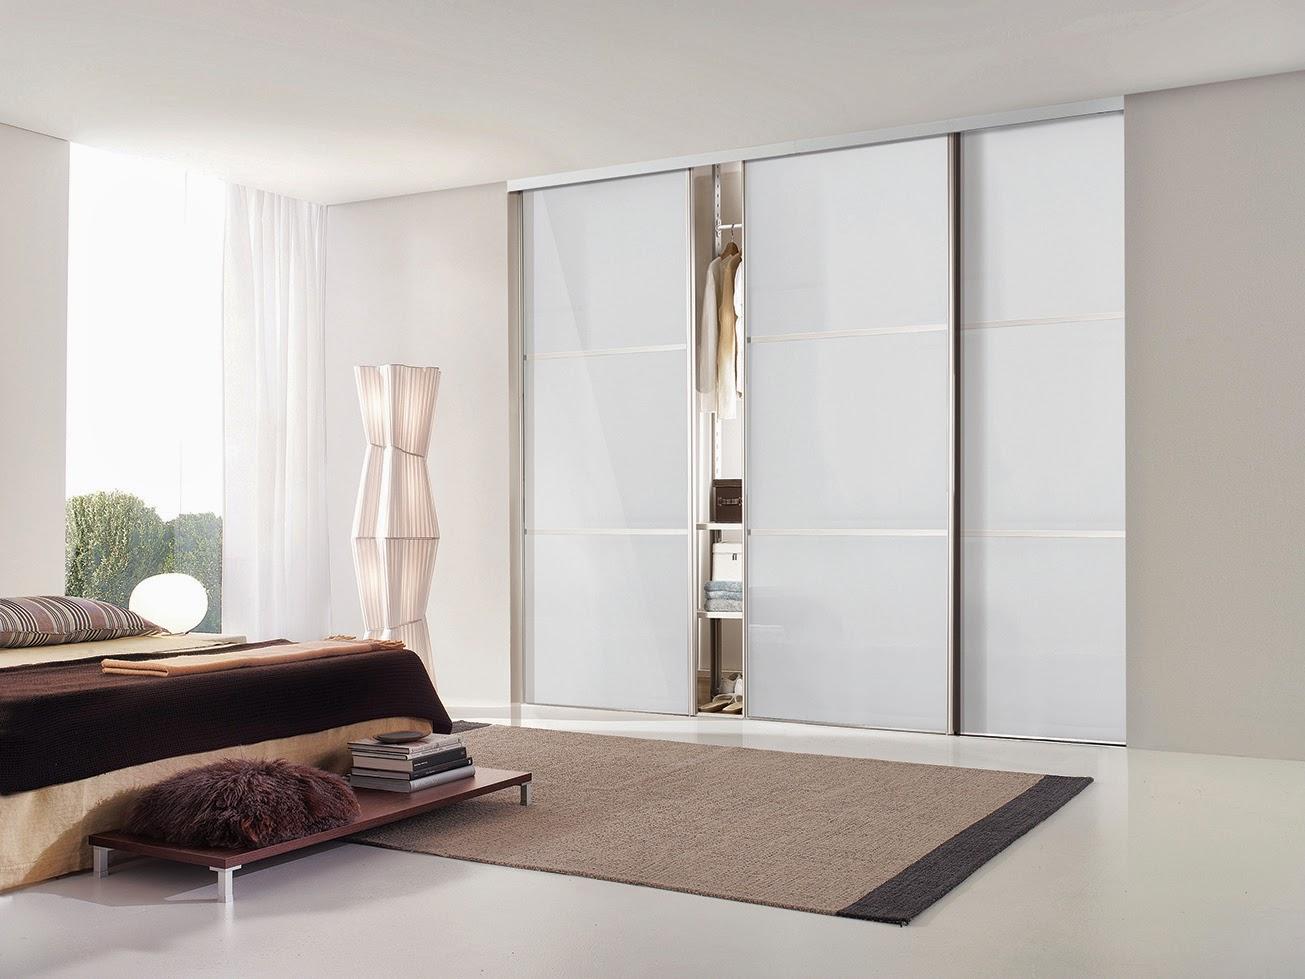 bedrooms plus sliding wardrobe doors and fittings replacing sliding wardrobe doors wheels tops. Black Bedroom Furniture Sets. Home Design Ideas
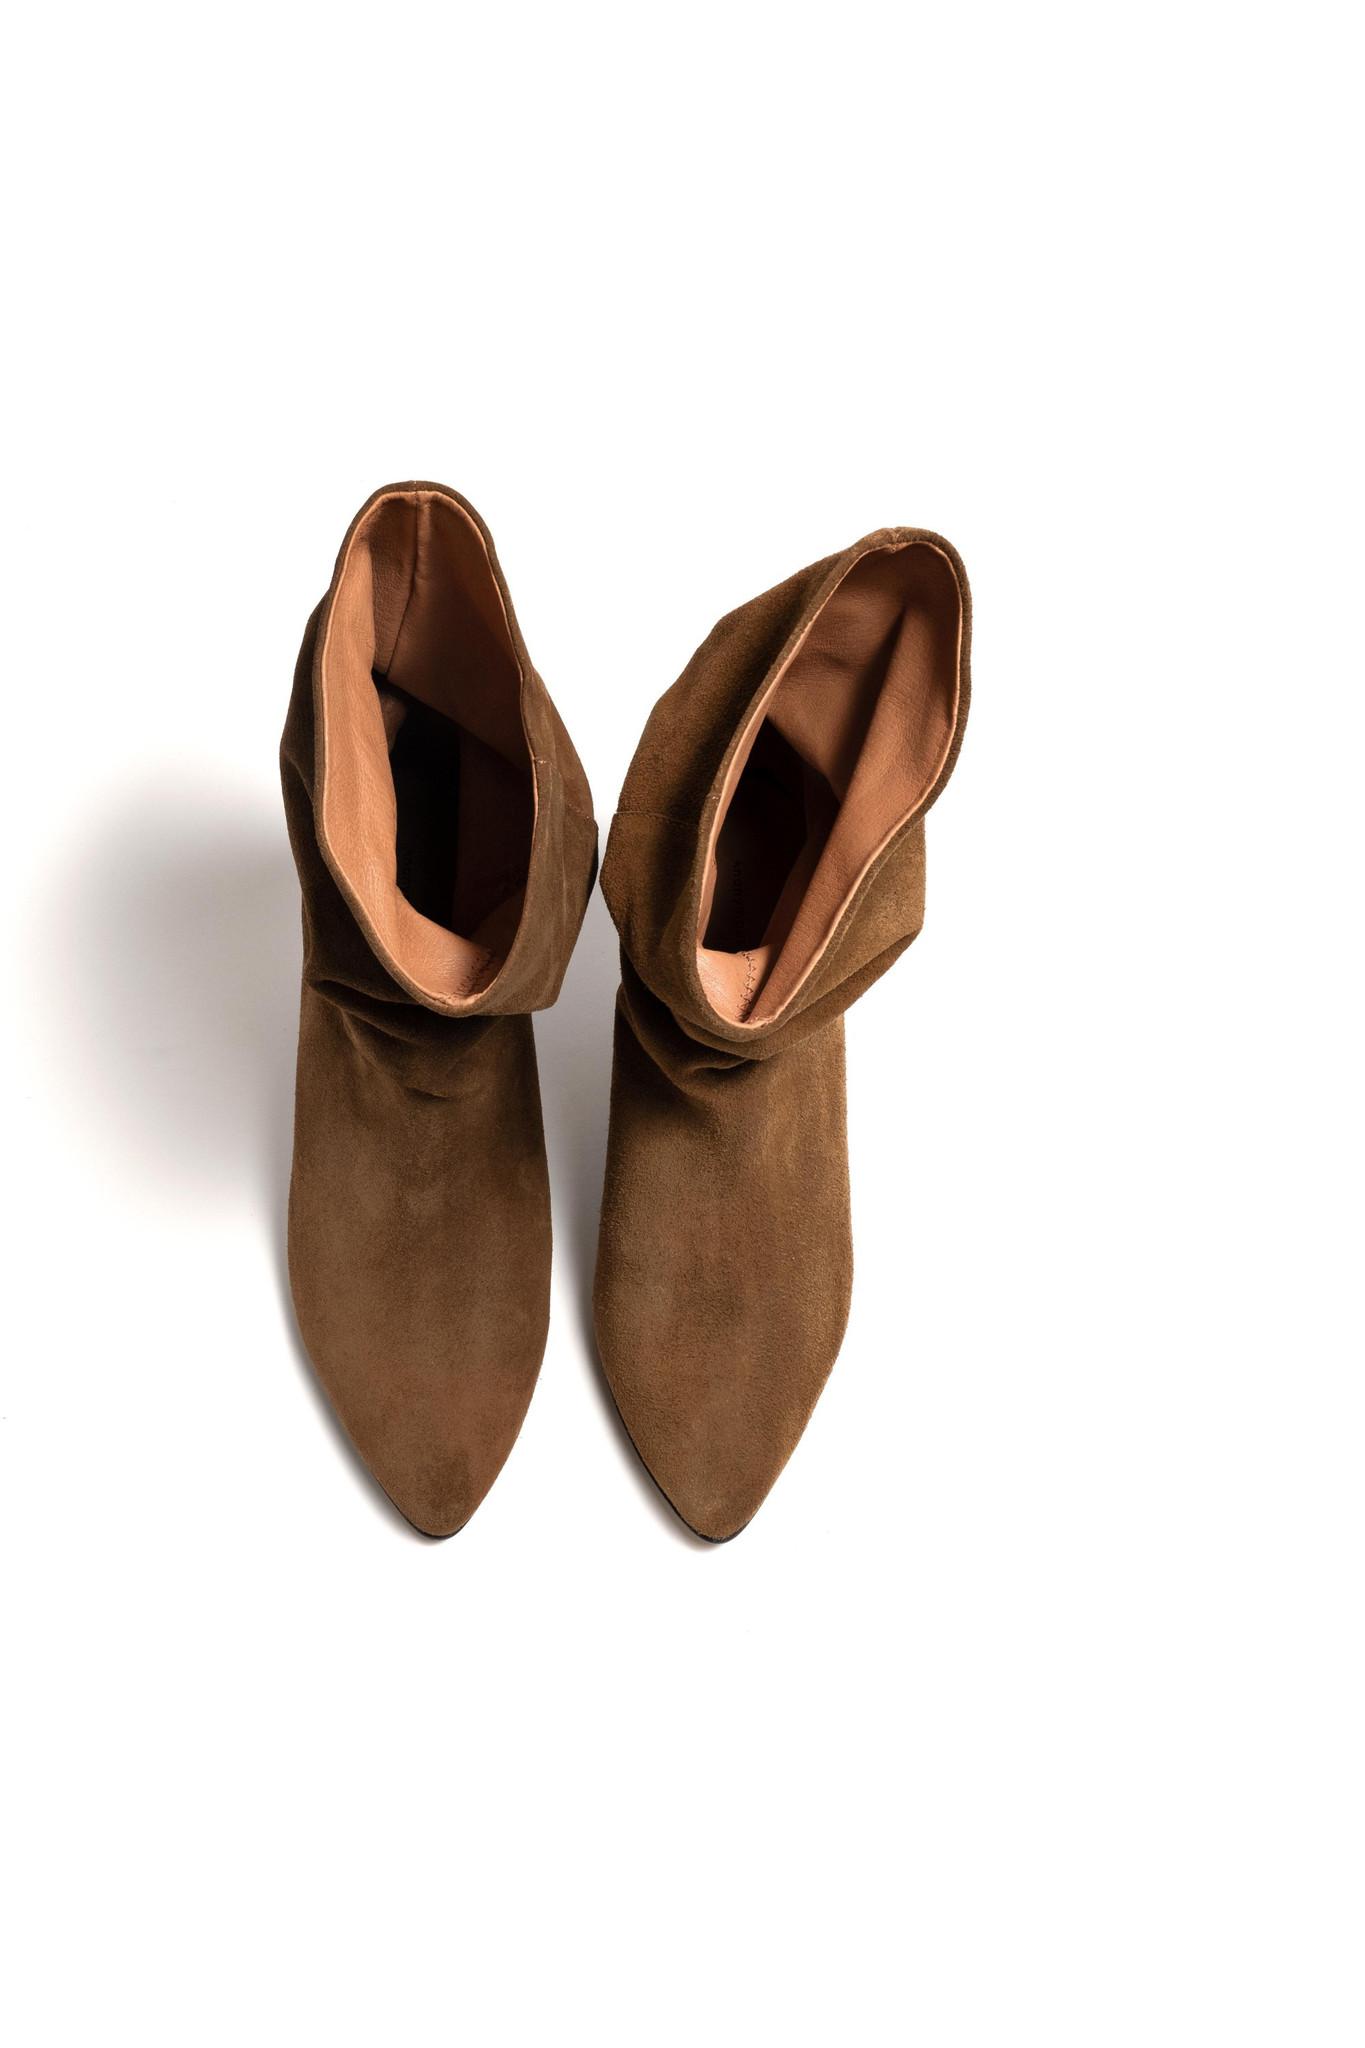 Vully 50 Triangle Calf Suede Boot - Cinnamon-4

==

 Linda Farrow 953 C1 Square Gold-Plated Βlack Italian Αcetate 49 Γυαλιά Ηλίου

---

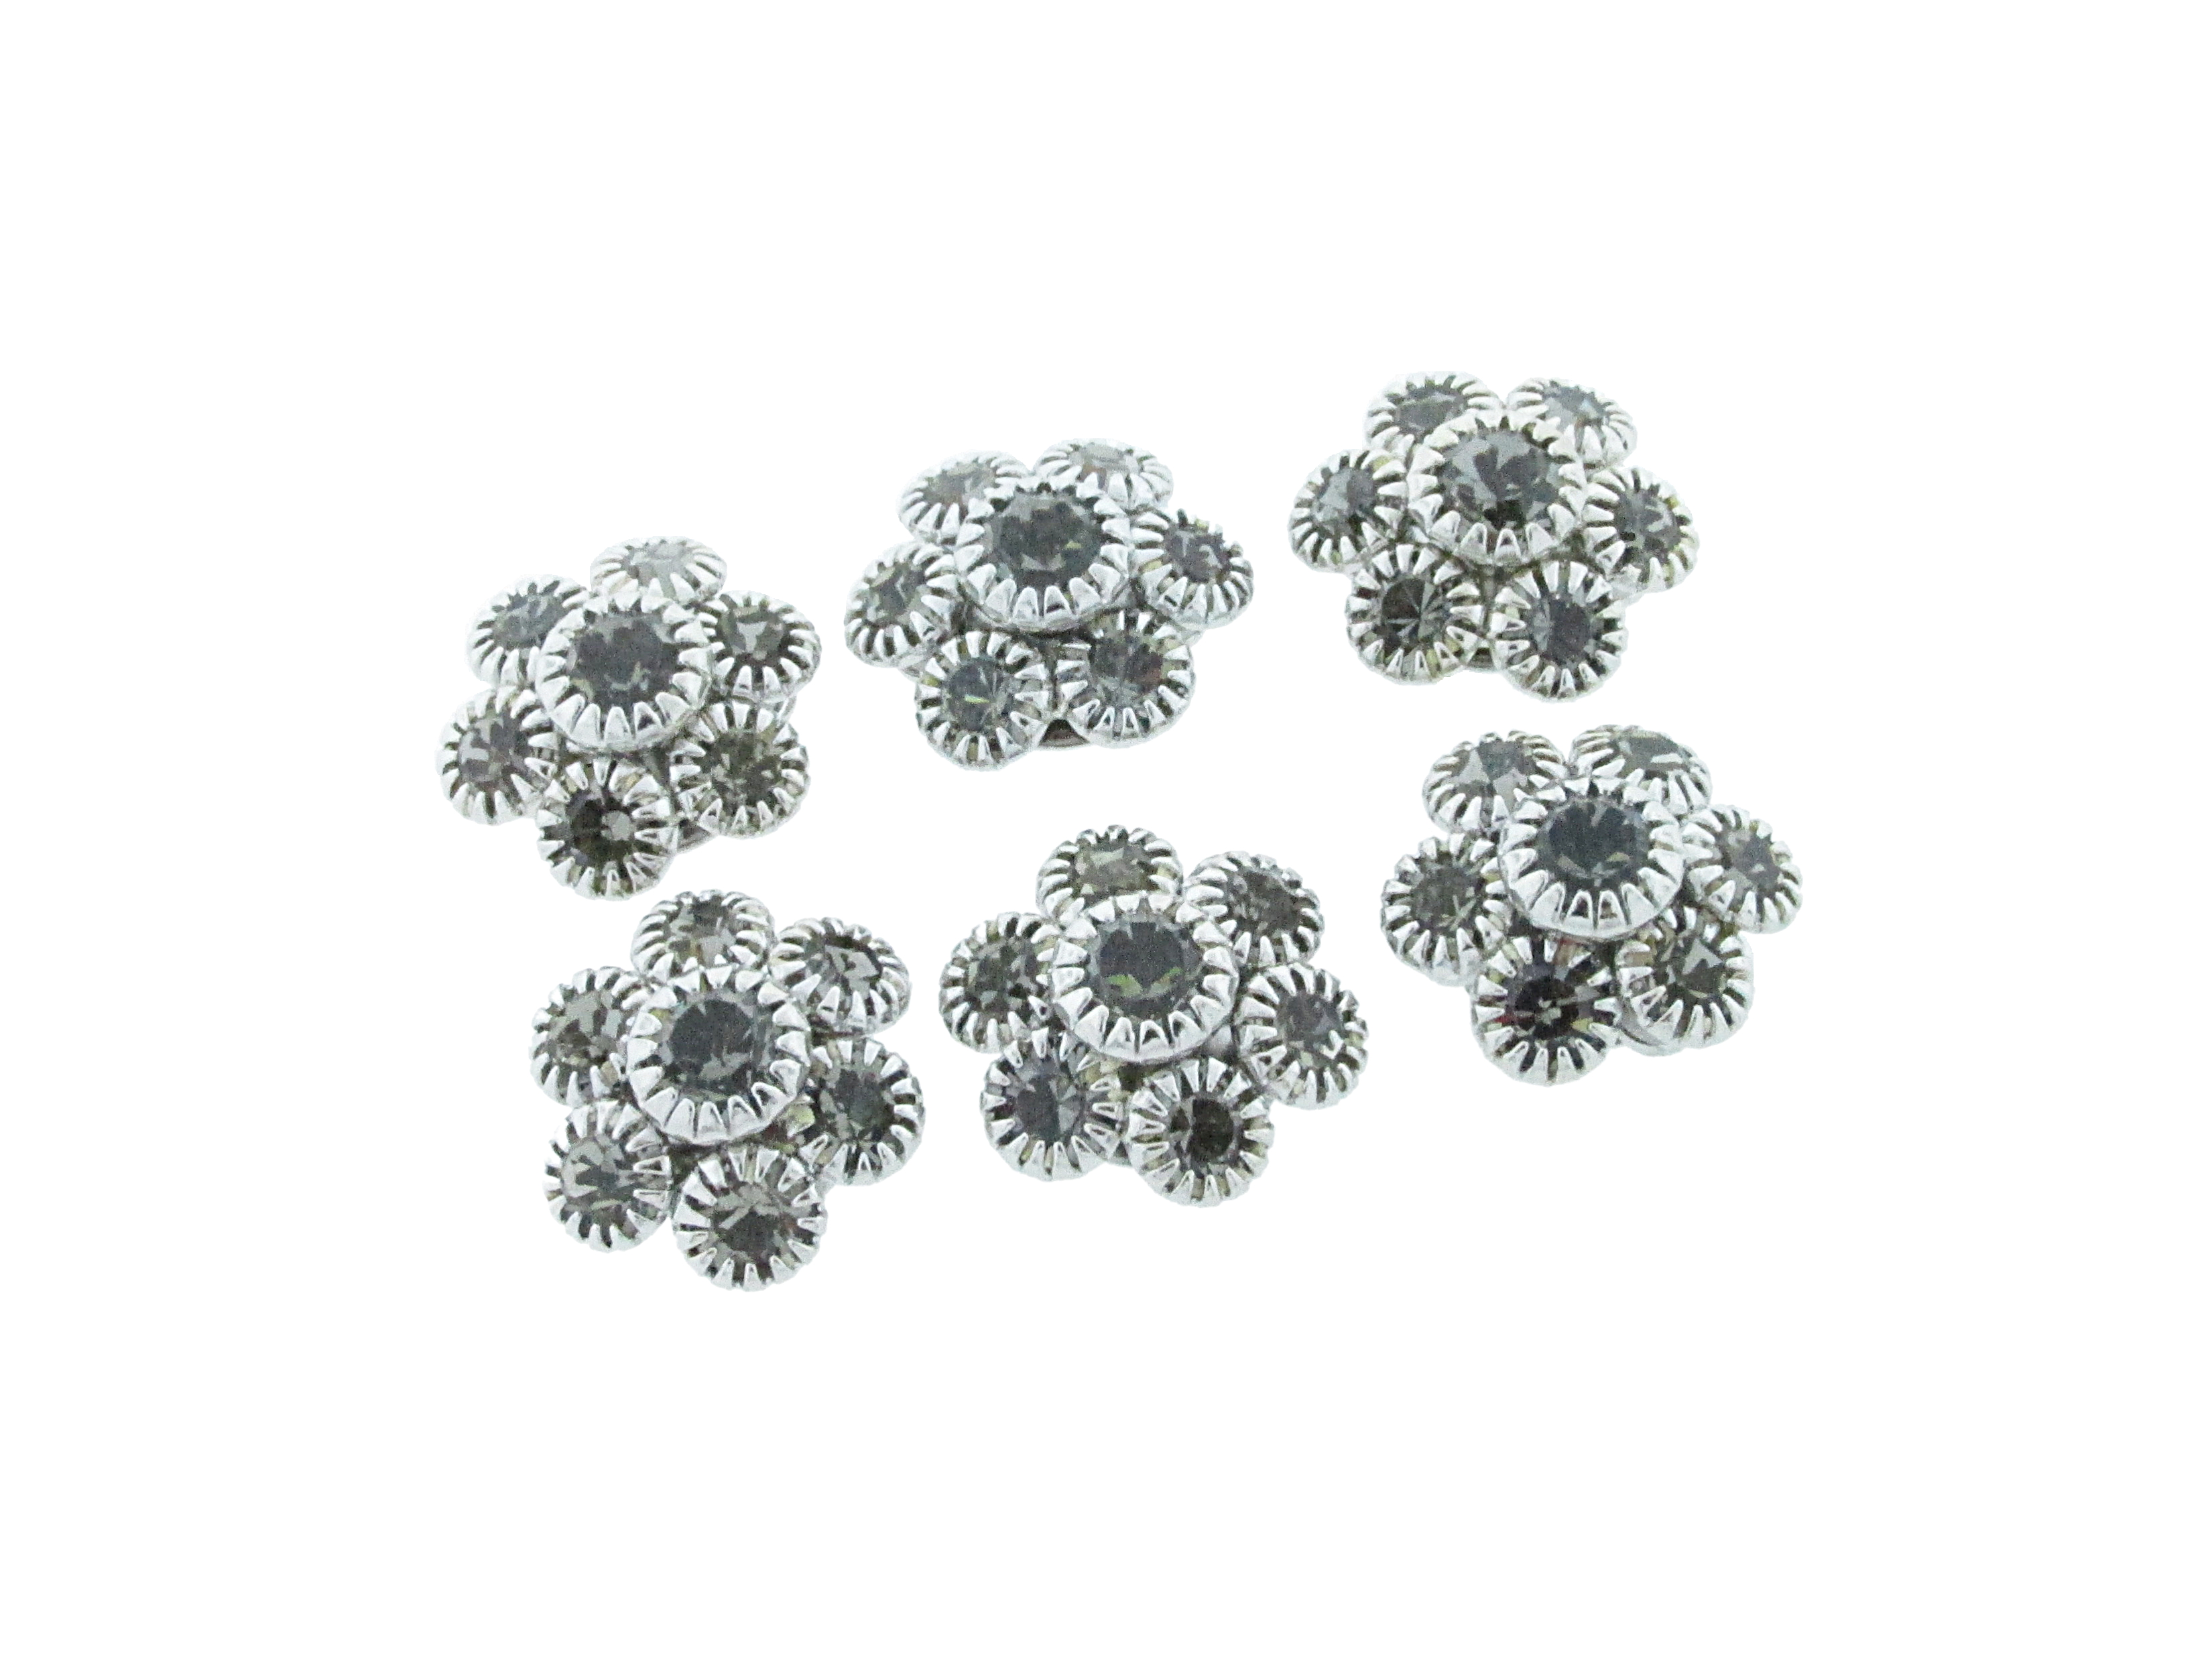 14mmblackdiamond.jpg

### Problem to work on
Every line above from the one with "bedrooms plus sliding" down to the one with "Vully 50 Triangle" must be written out exactly, and no picture may appear.

### Response to this task
 bedrooms plus sliding wardrobe doors and fittings replacing sliding wardrobe doors wheels tops. Black Bedroom Furniture Sets. Home Design Ideas
 Vully 50 Triangle Calf Suede Boot - Cinnamon-4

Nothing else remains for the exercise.